13 . CPU 1 receives the cache line, which contains the new " a " value of 1 , so the assertion will not be triggered.

Even with a lot of MESI messaging, the CPU will eventually respond correctly. This section explains why CPU designers must handle their cache coherency optimization operations with extreme care.

But is there really a need for a read-end memory barrier? Prior to assert (), not a cycle it?

Is assert(a == 1) executed before the end of the loop ?

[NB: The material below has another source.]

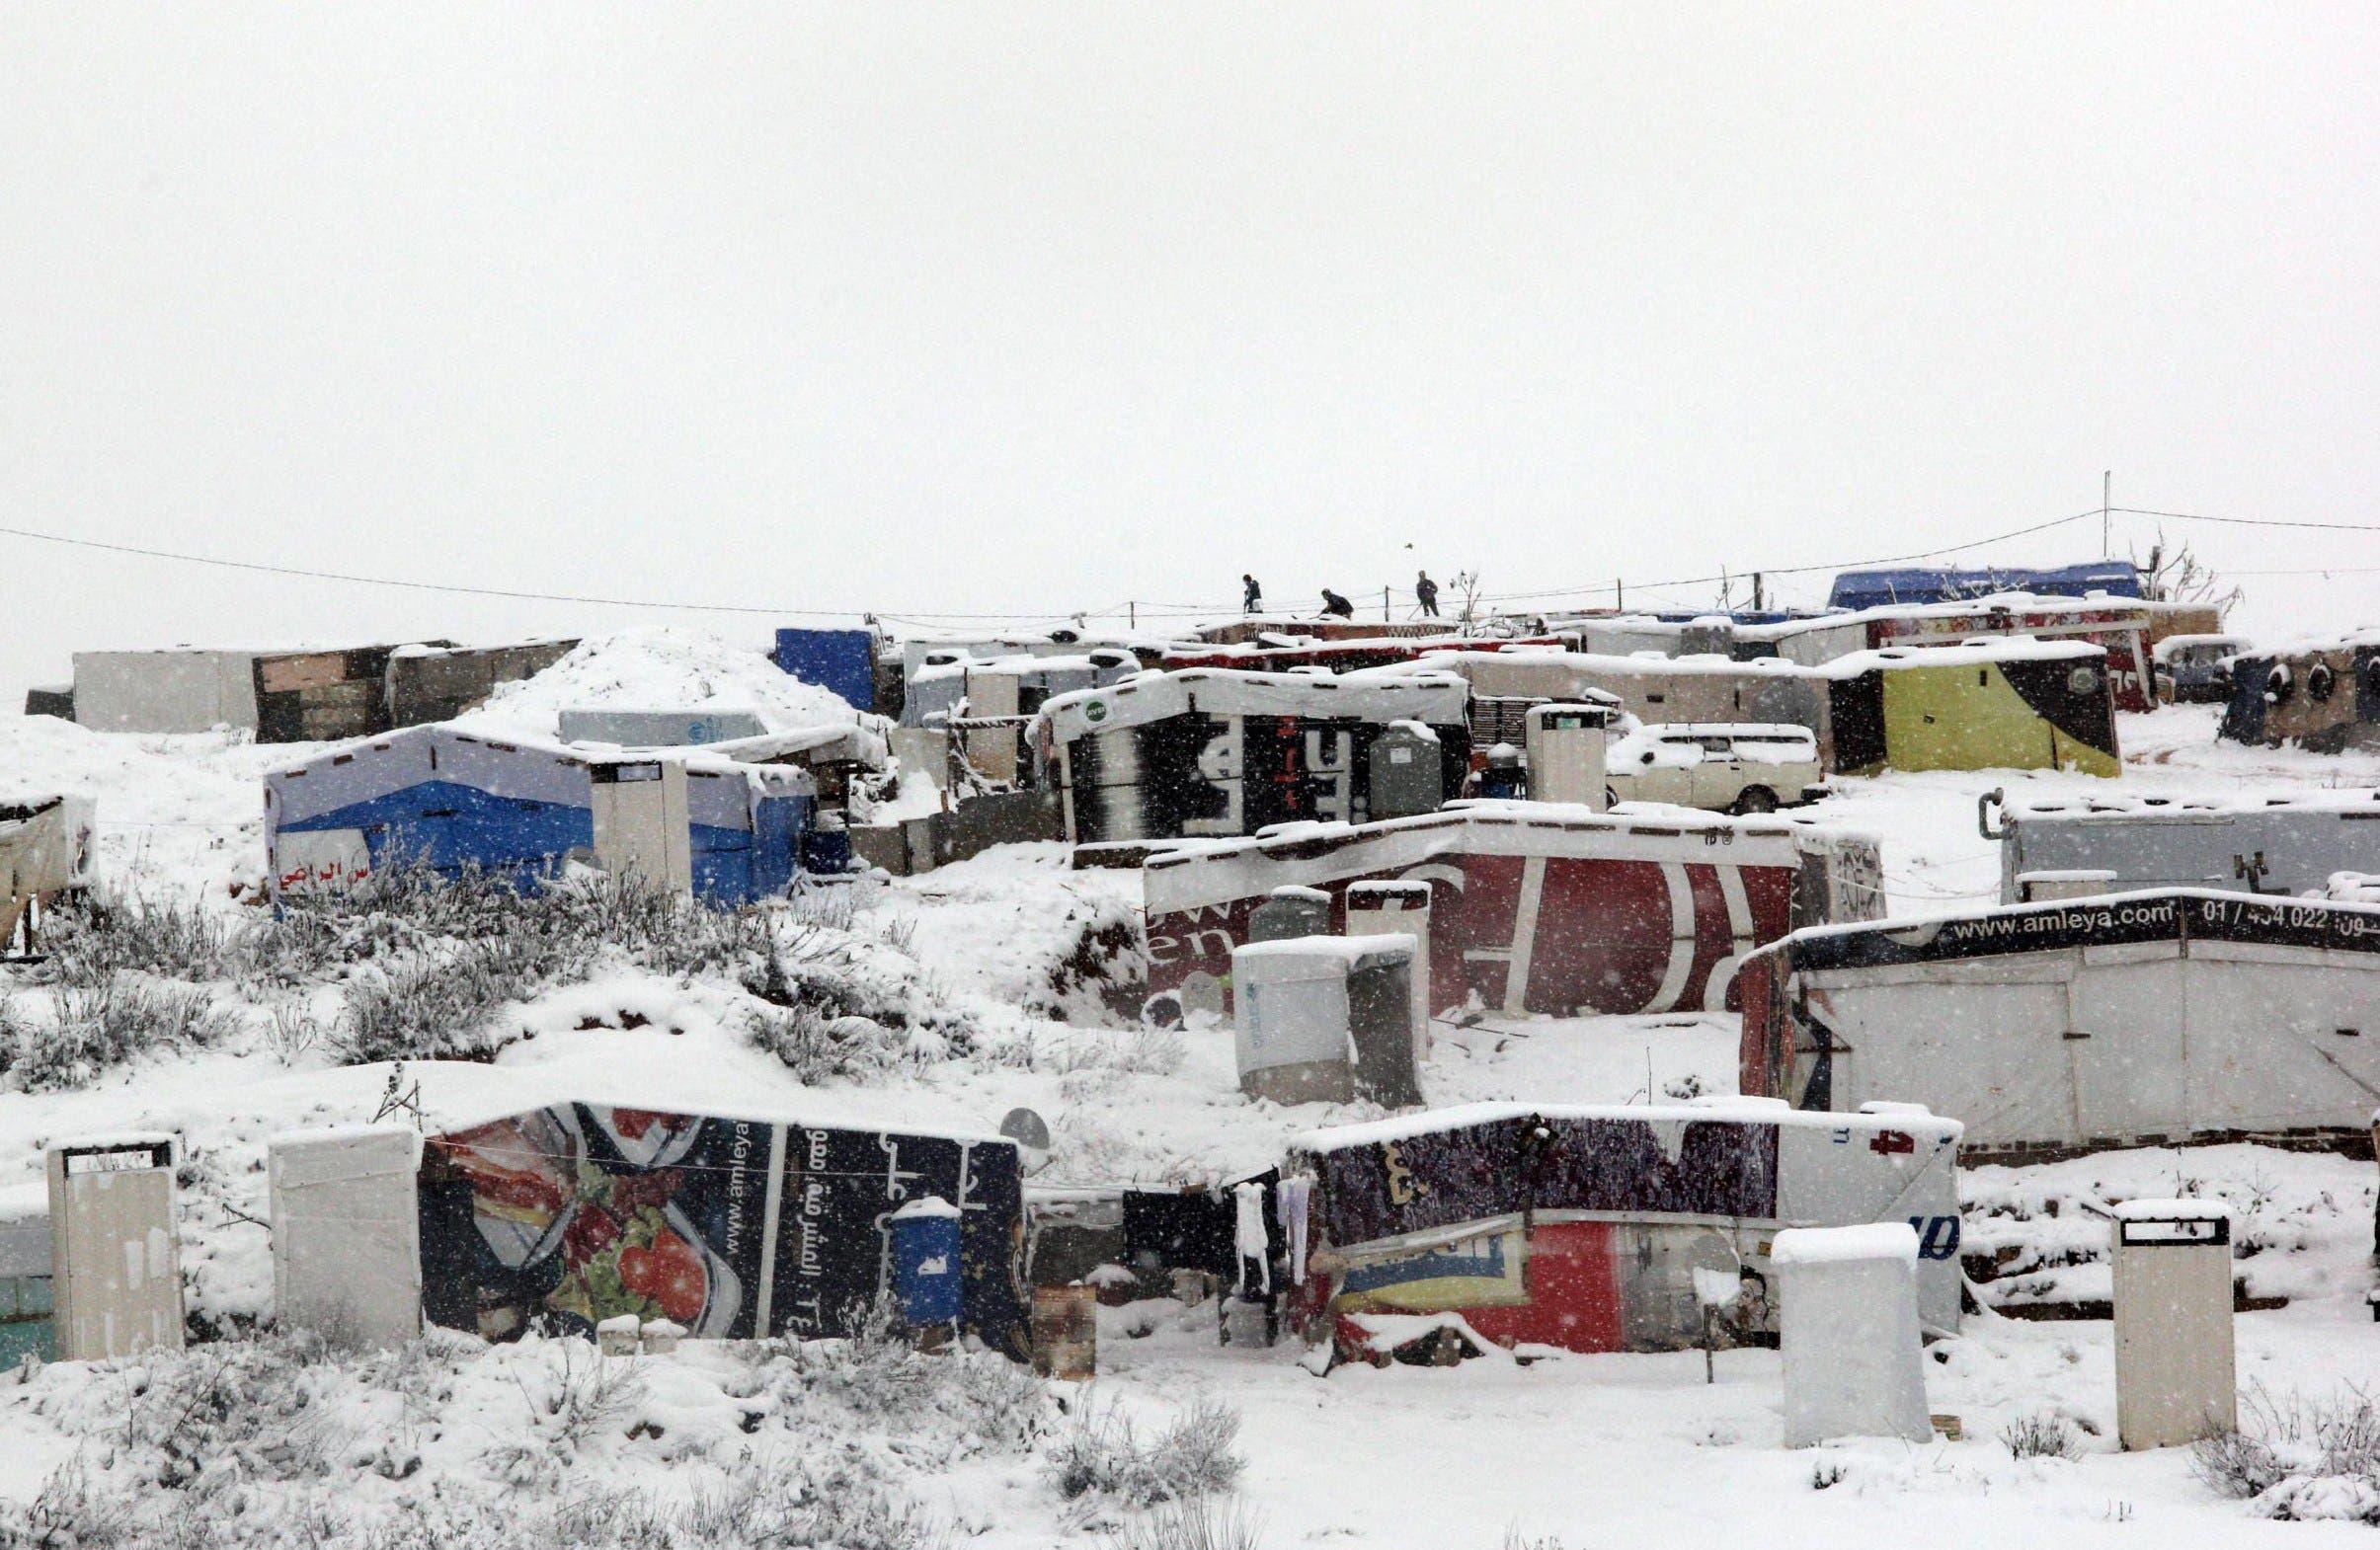 العاصفة الثلجية تجتاح خيام اللاجئين d54e8c02-63e3-424f-a330-4c6807bf1472.jpg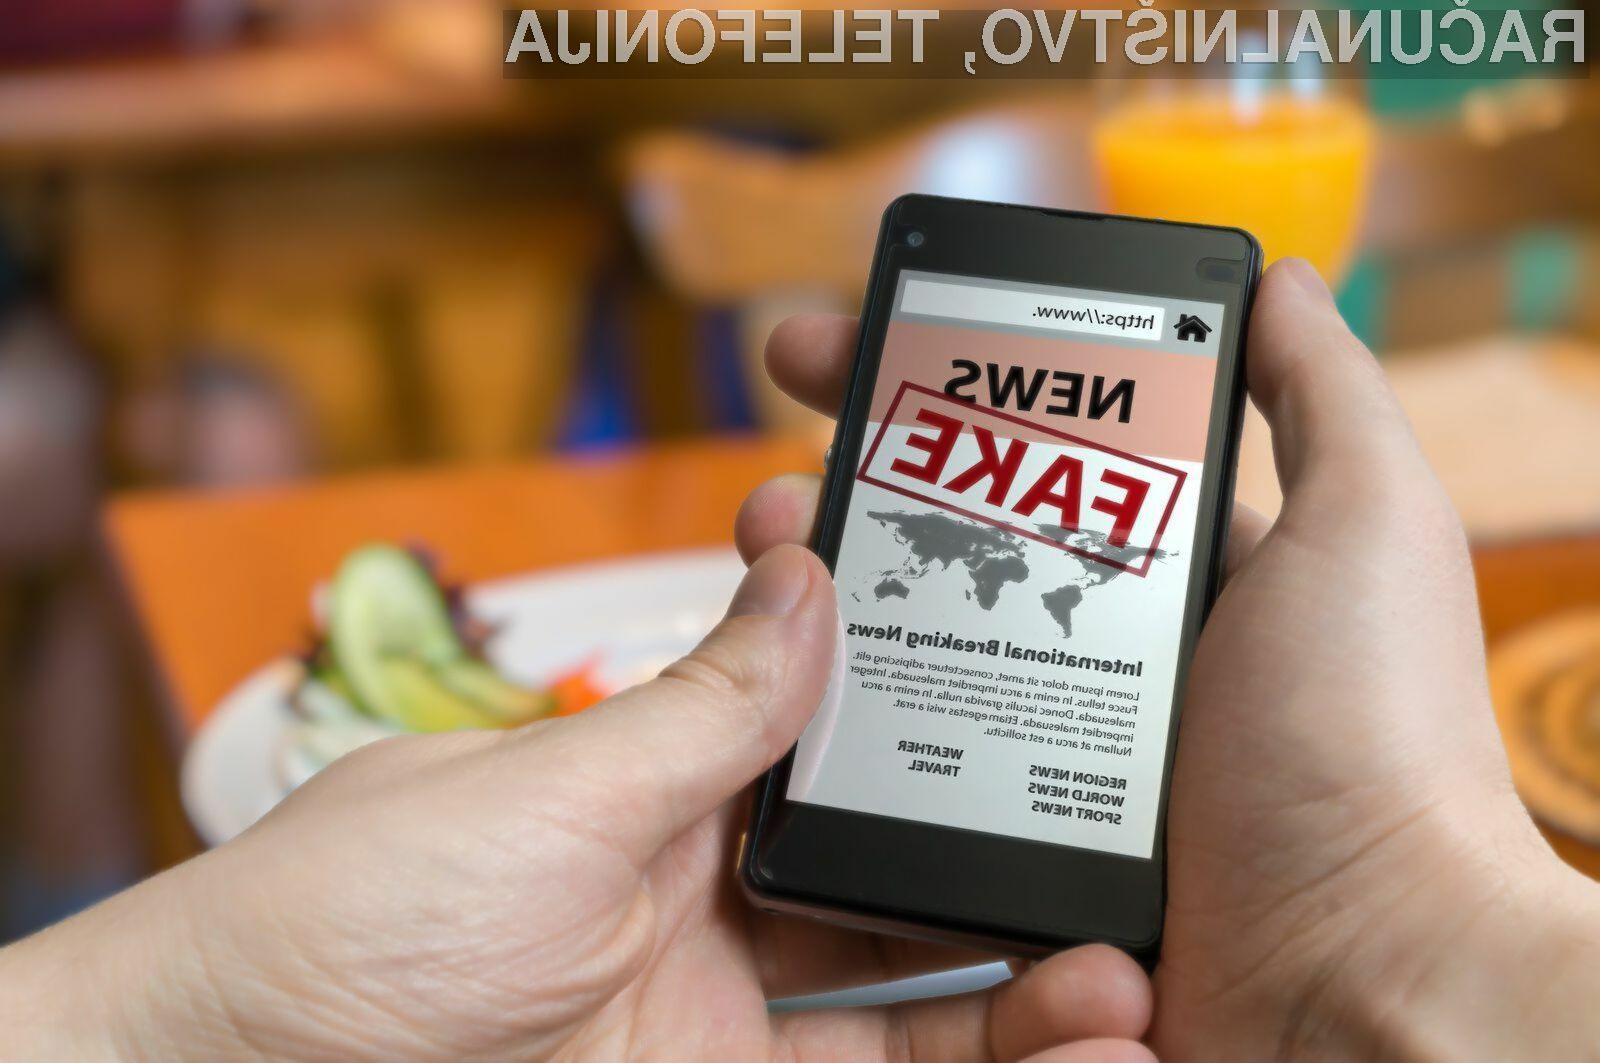 Vsem novicam enostavno ne gre slepo verjeti!

For readers who have doubts about this, you need to add a bit of background on guessing (adventure) execution! You can look at the CPU reference manual. Simply put, in the loop, a == 1 this comparison condition, it is possible that the CPU will preload the value of a into the pipeline. Temporary results are not saved to the Cache or Write buffer , but are temporarily stored in the temporary result registers in the CPU pipeline .

Is this a very counterintuitive? However, this is the case.

Friends who are interested in anti-intuitive things in the CPU world can even look at books on quantum mechanics. Quantum computers really need to understand quantum mechanics. Let the " Schrodinger's Cat " mentioned in the book "In-depth Understanding of Parallel Programming" burn the brain. This cat has already tortured the brains of countless geniuses. In addition to Hawking, there is Einstein's brain!

V. Further thinking about the memory barrier

This article only introduces the memory barrier from the hardware point of view. Its purpose is to better explain RCU in subsequent articles . Therefore, there is no in-depth analysis of the memory barrier. However, for understanding RCU , the knowledge of memory barriers in this article is already ok.